There's nothing new here, only that we need a widget that has
several output channels of the same type to illustrate the idea of the
default channels in the next section. For this purpose, we will modify
our sampling widget as defined in previous lessons such that it will
send out the sampled data to one channel, and all other data to
another channel. The corresponding channel definition of this widget
is::

    self.outputs = [("Sampled Data", Orange.data.Table),
                    ("Other Data", Orange.data.Table)]

We used this in the third incarnation of :download:`data sampler widget <OWDataSamplerC.py>`,
with essentially the only other change in the code in the :func:`selection` and
:func:`commit` functions::

    def selection(self):
        indices = Orange.data.sample.SubsetIndices2(p0=self.proportion / 100.)
        ind = indices(self.dataset)
        self.sample = self.dataset.select(ind, 0)
        self.otherdata = self.dataset.select(ind, 1)
        self.infob.setText('%d sampled instances' % len(self.sample))

    def commit(self):
        self.send("Sampled Data", self.sample)
        self.send("Other Data", self.otherdata)

If a widget that has multiple channels of the same type is
connected to a widget that accepts such tokens, Orange Canvas opens a
window asking the user to confirm which channels to connect. Hence,
if we have just connected *Data Sampler (C)* widget to a Data Table
widget in a schema below:

.. image:: datasampler-totable.png

we would get a following window querying users for information on
which channels to connect:

.. image:: datasampler-channelquerry.png

*************************************************************
Default Channels (When Using Input Channels of the Same Type)
*************************************************************

Now, let's say we want to extend our learning curve widget such
that it does the learning the same way as it used to, but can -
provided that such data set is defined - test the
learners (always) on the same, external data set. That is, besides the
training data set, we need another channel of the same type but used
for training data set. Notice, however, that most often we will only
provide the training data set, so we would not like to be bothered (in
Orange Canvas) with the dialog which channel to connect to, as the
training data set channel will be the default one.

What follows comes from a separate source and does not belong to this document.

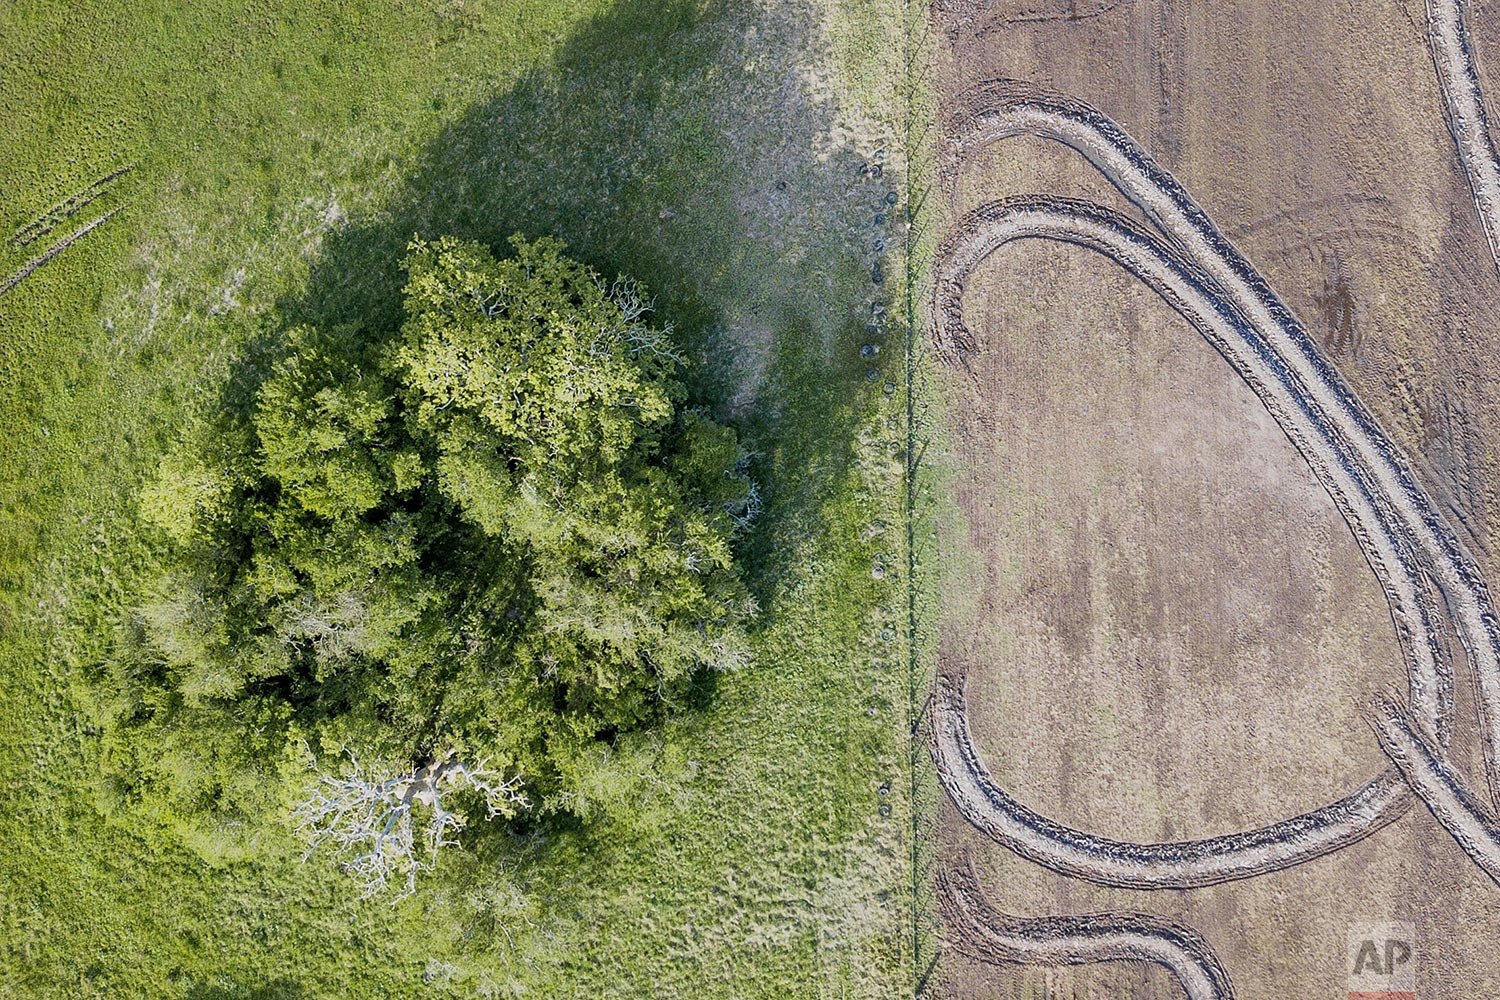  Aerial view of an Indigenous earthen mound, left, known in Spanish as “cerritos de indios”, in Rocha, Uruguay, Nov. 2, 2021. There are more than 3,500 registered cerritos that were a part of the past Indigenous life of what is now Uruguay. (AP Photo

When enlisting the input channel of the same type, the default
channels have a special flag in the channel specification list. So for
our new :download:`learning curve <OWLearningCurveB.py>` widget, the
channel specification is::

    self.inputs = [("Train Data", Orange.data.Table, self.trainset, Default),
                   ("Test Data", Orange.data.Table, self.testset),
                   ("Learner", Orange.classification.Learner, self.learner, Multiple)]

That is, the :obj:`Train Data` channel is a single-token
channel which is a default one (third parameter). Note that the flags can
be added (or OR-d) together so ``Default + Multiple`` is a valid flag.
To test how this works, connect a file widget to a learning curve widget and
- nothing will really happen:

.. image:: file-to-learningcurveb.png

That is, no window with a query on which channels to connect to will
open, as the default *"Train Data"* was selected.